*Data*
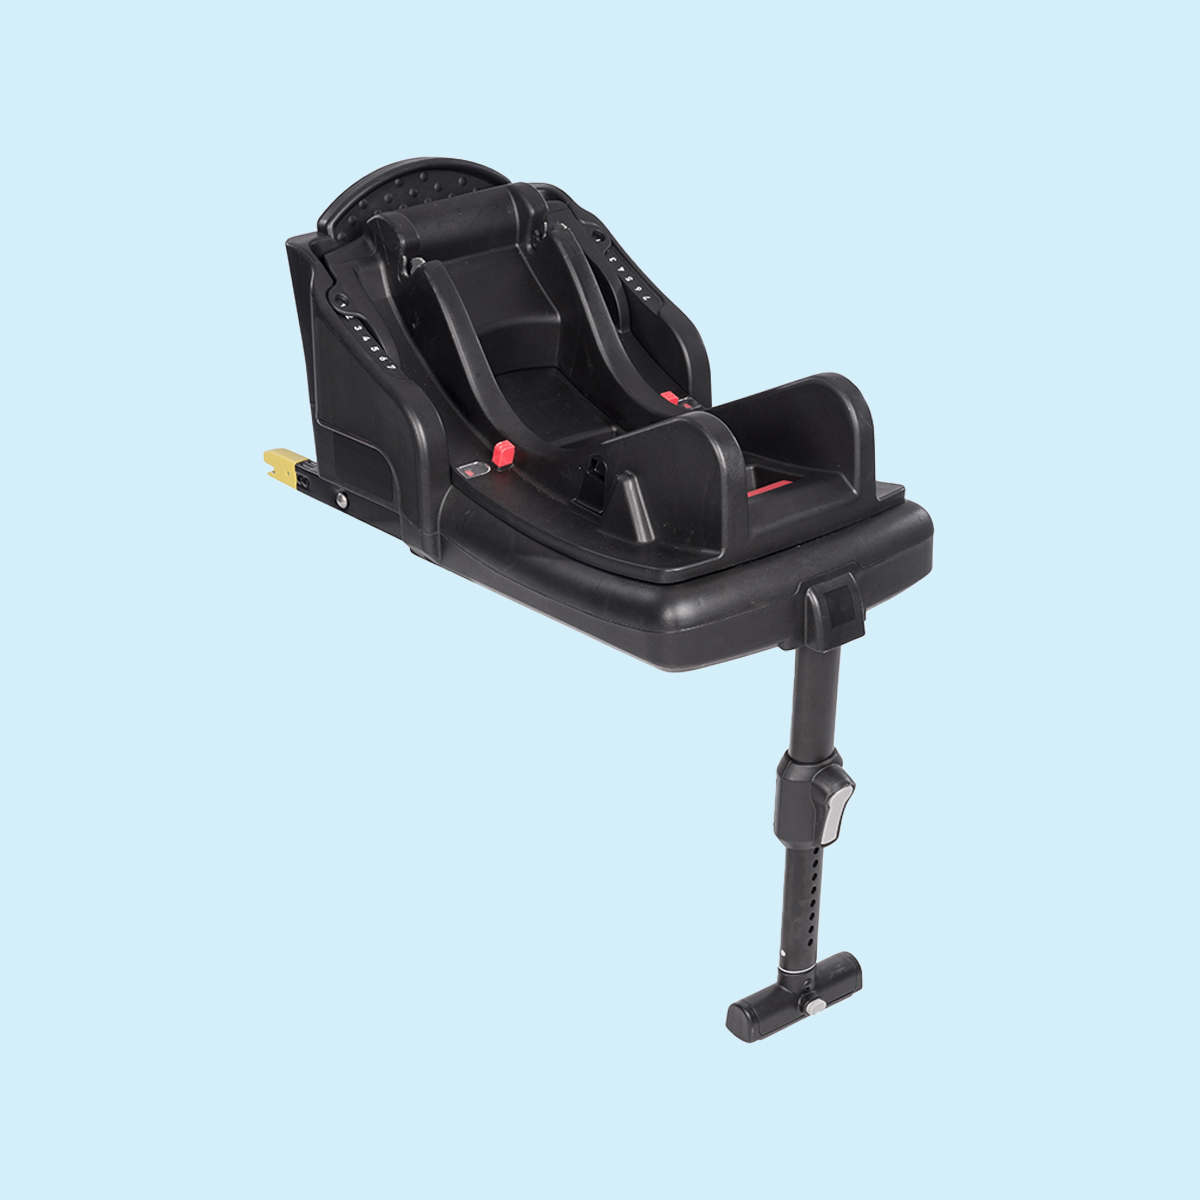 Plano de tres cuartos de la base para silla de coche Graco® SnugRide® i-Size R129 con pata de apoyo multiposición y 7 posiciones de reclinado sobre fondo azul
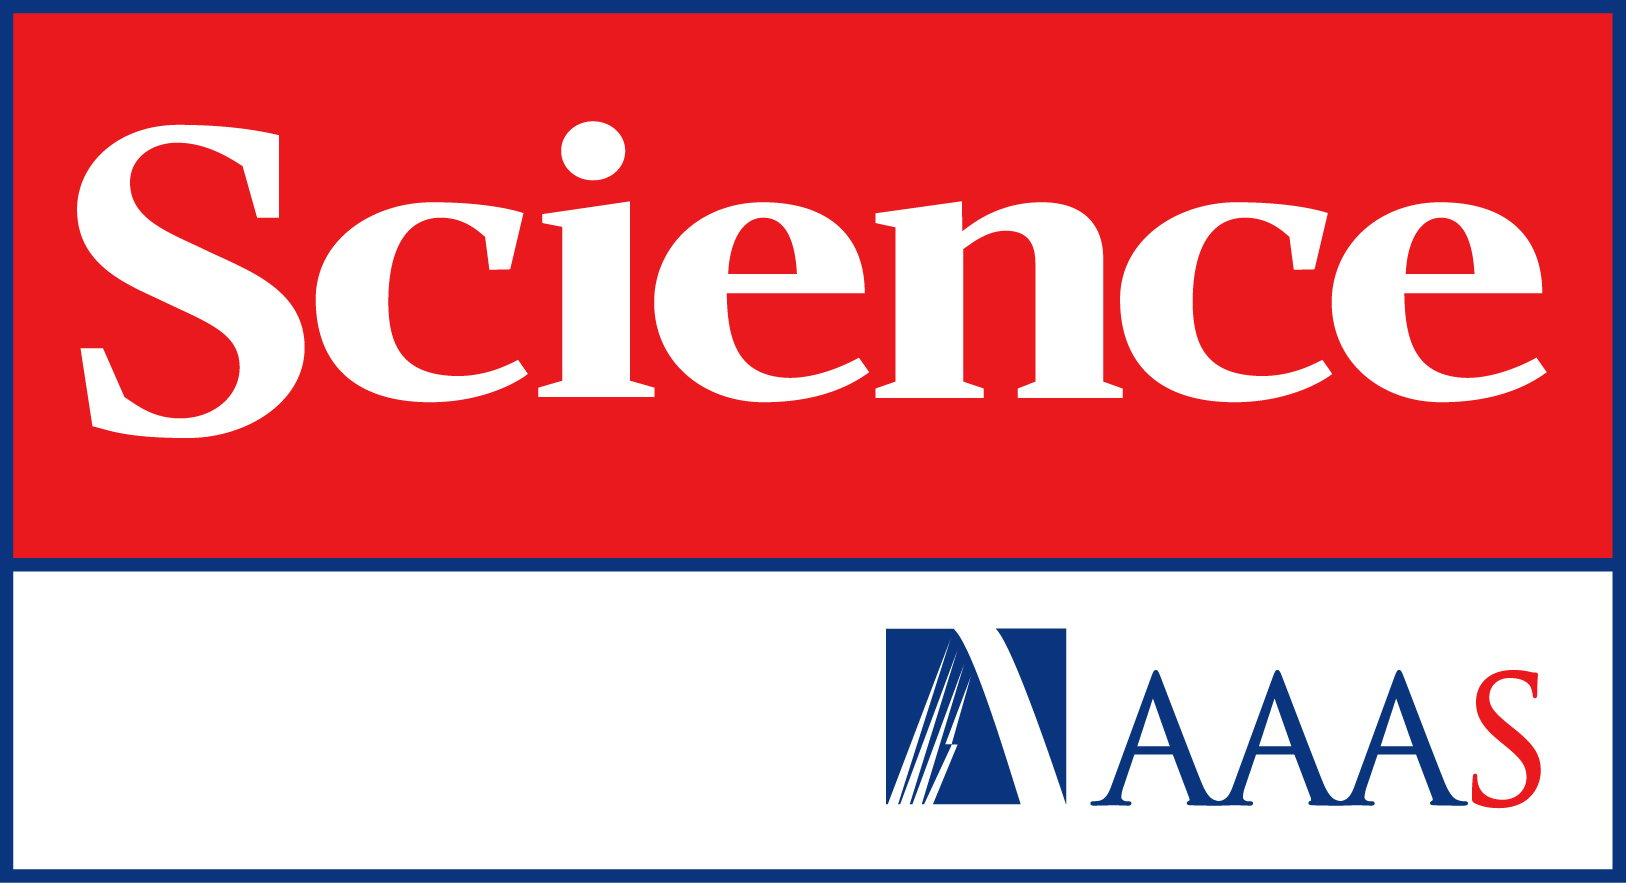 Science AAAS Logo
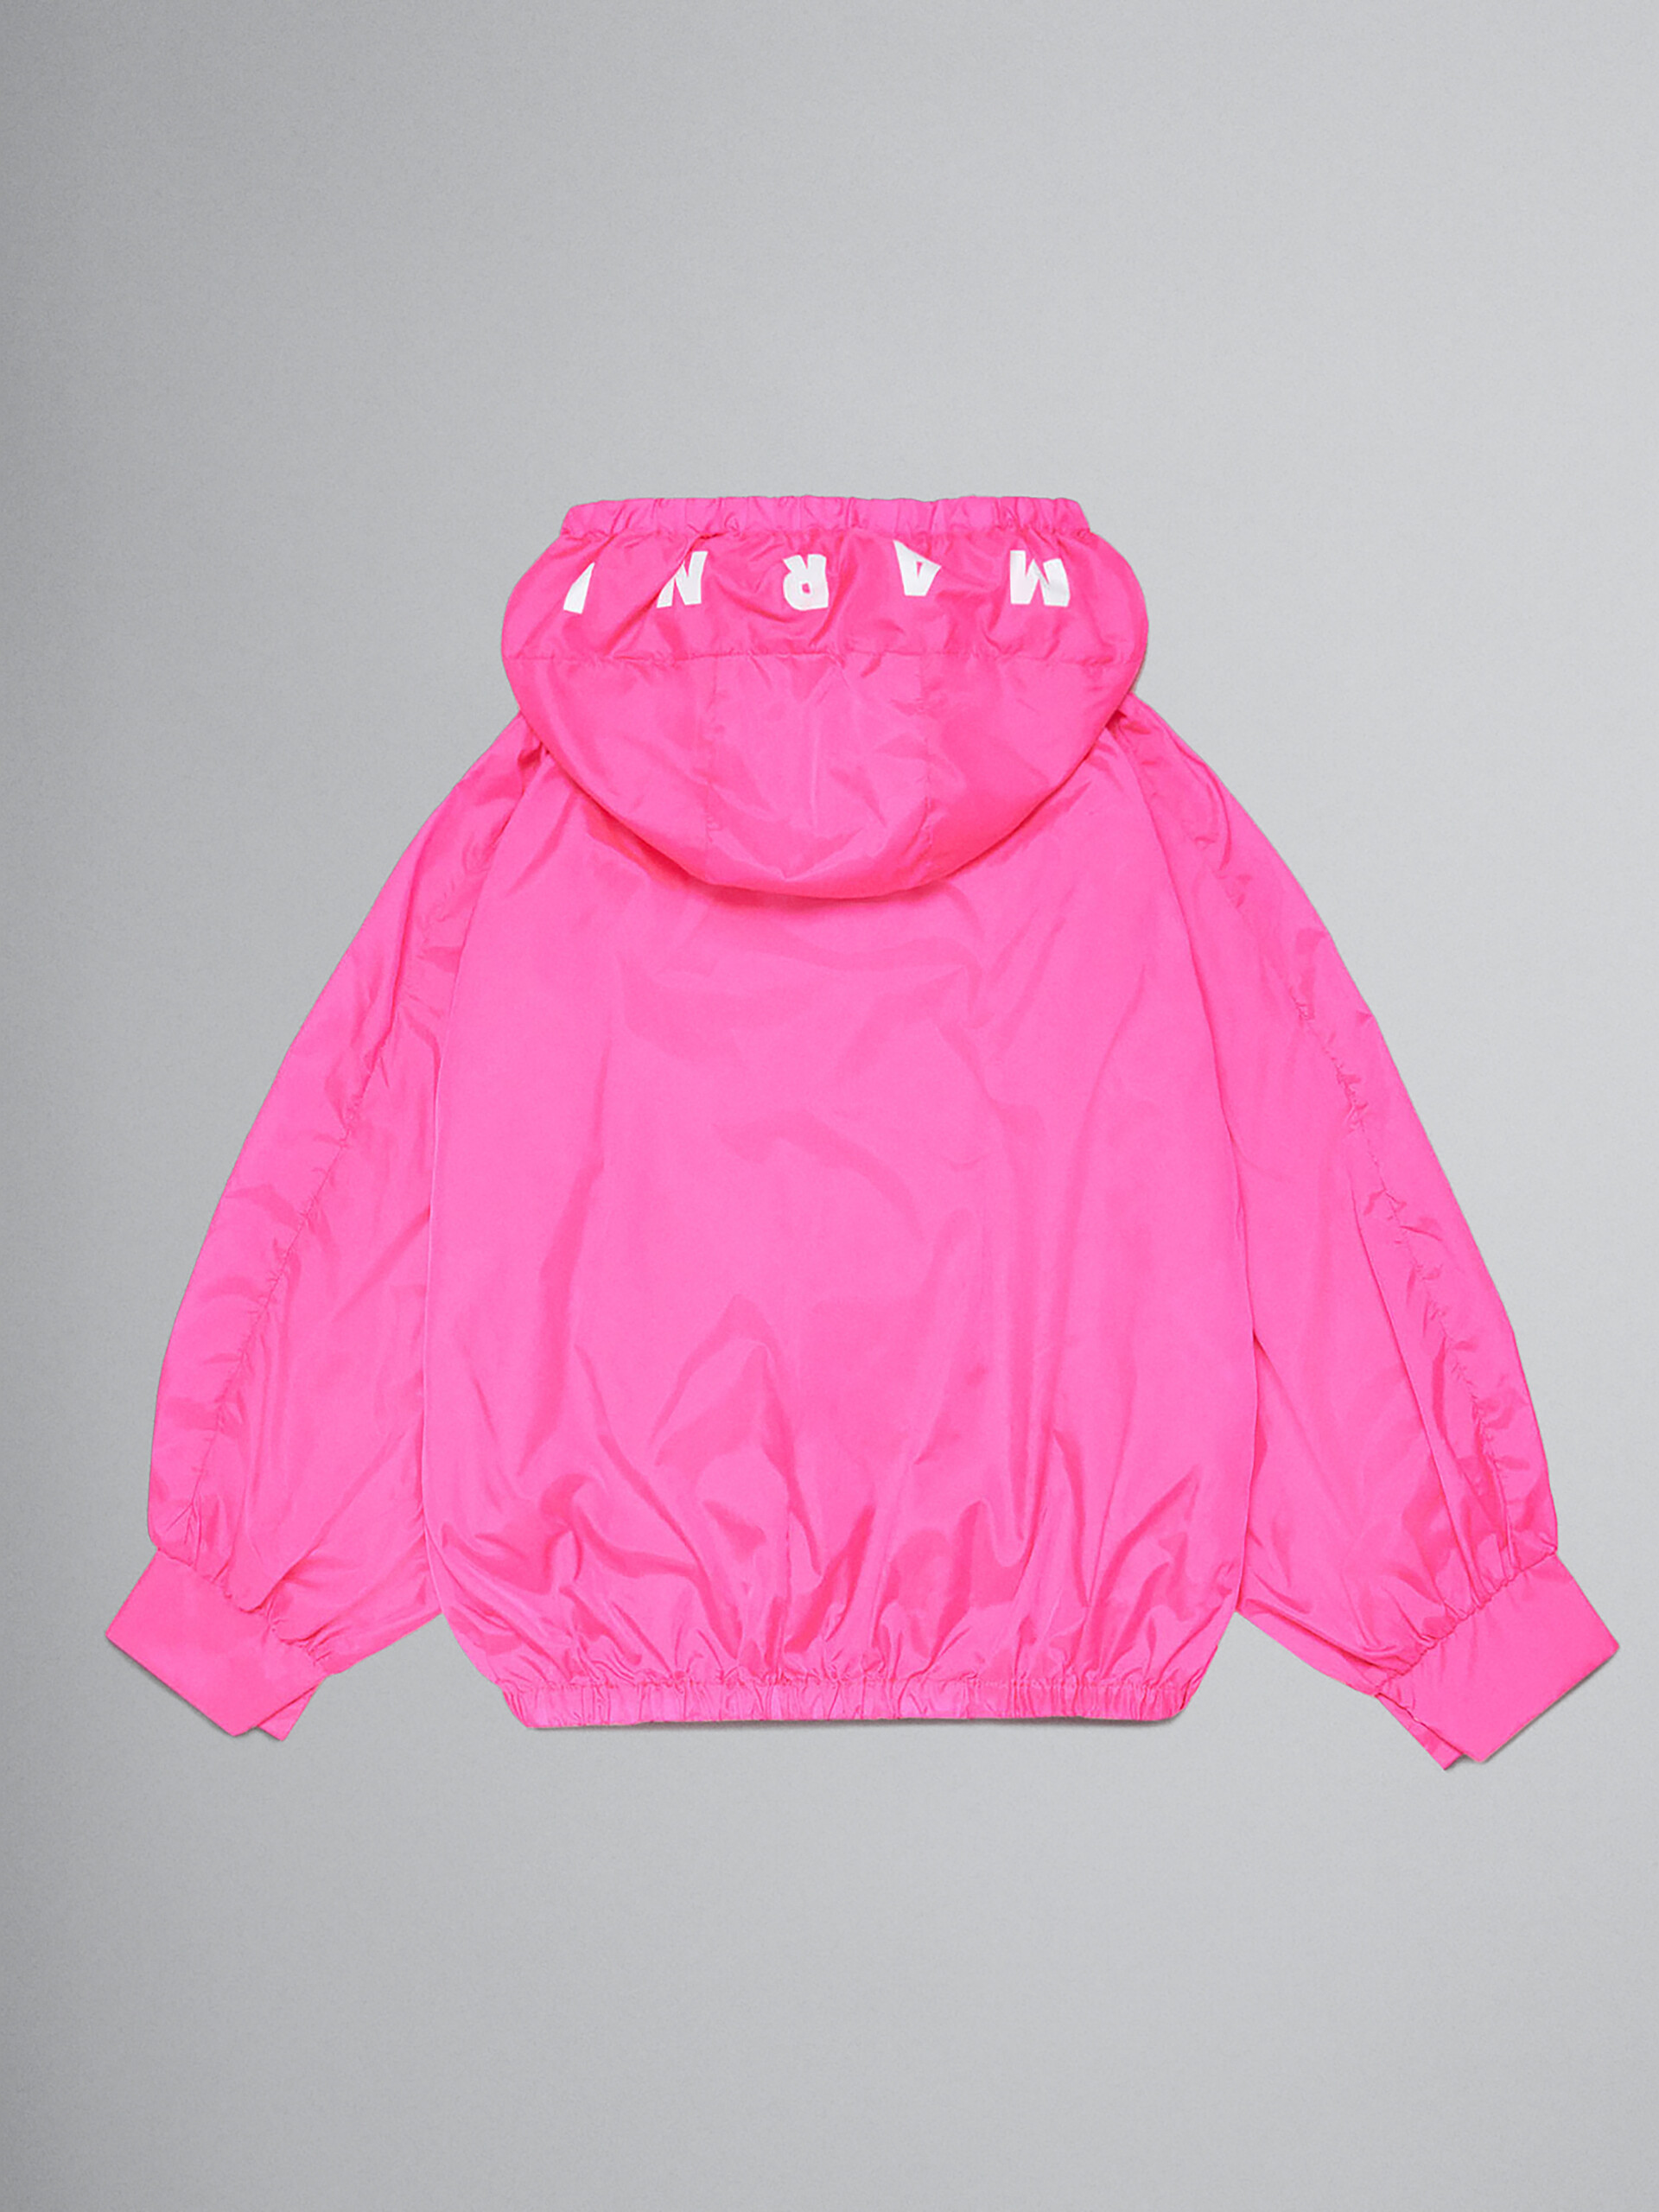 Chaqueta impermeable rosa neón con logotipo en la capucha - Chaquetas - Image 2

*Problem to work on*
Write the material out again word for word and omit any images.

*Answer for the task*
 Plano de tres cuartos de la base para silla de coche Graco® SnugRide® i-Size R129 con pata de apoyo multiposición y 7 posiciones de reclinado sobre fondo azul
 Science AAAS Logo
 Chaqueta impermeable rosa neón con logotipo en la capucha - Chaquetas - Image 2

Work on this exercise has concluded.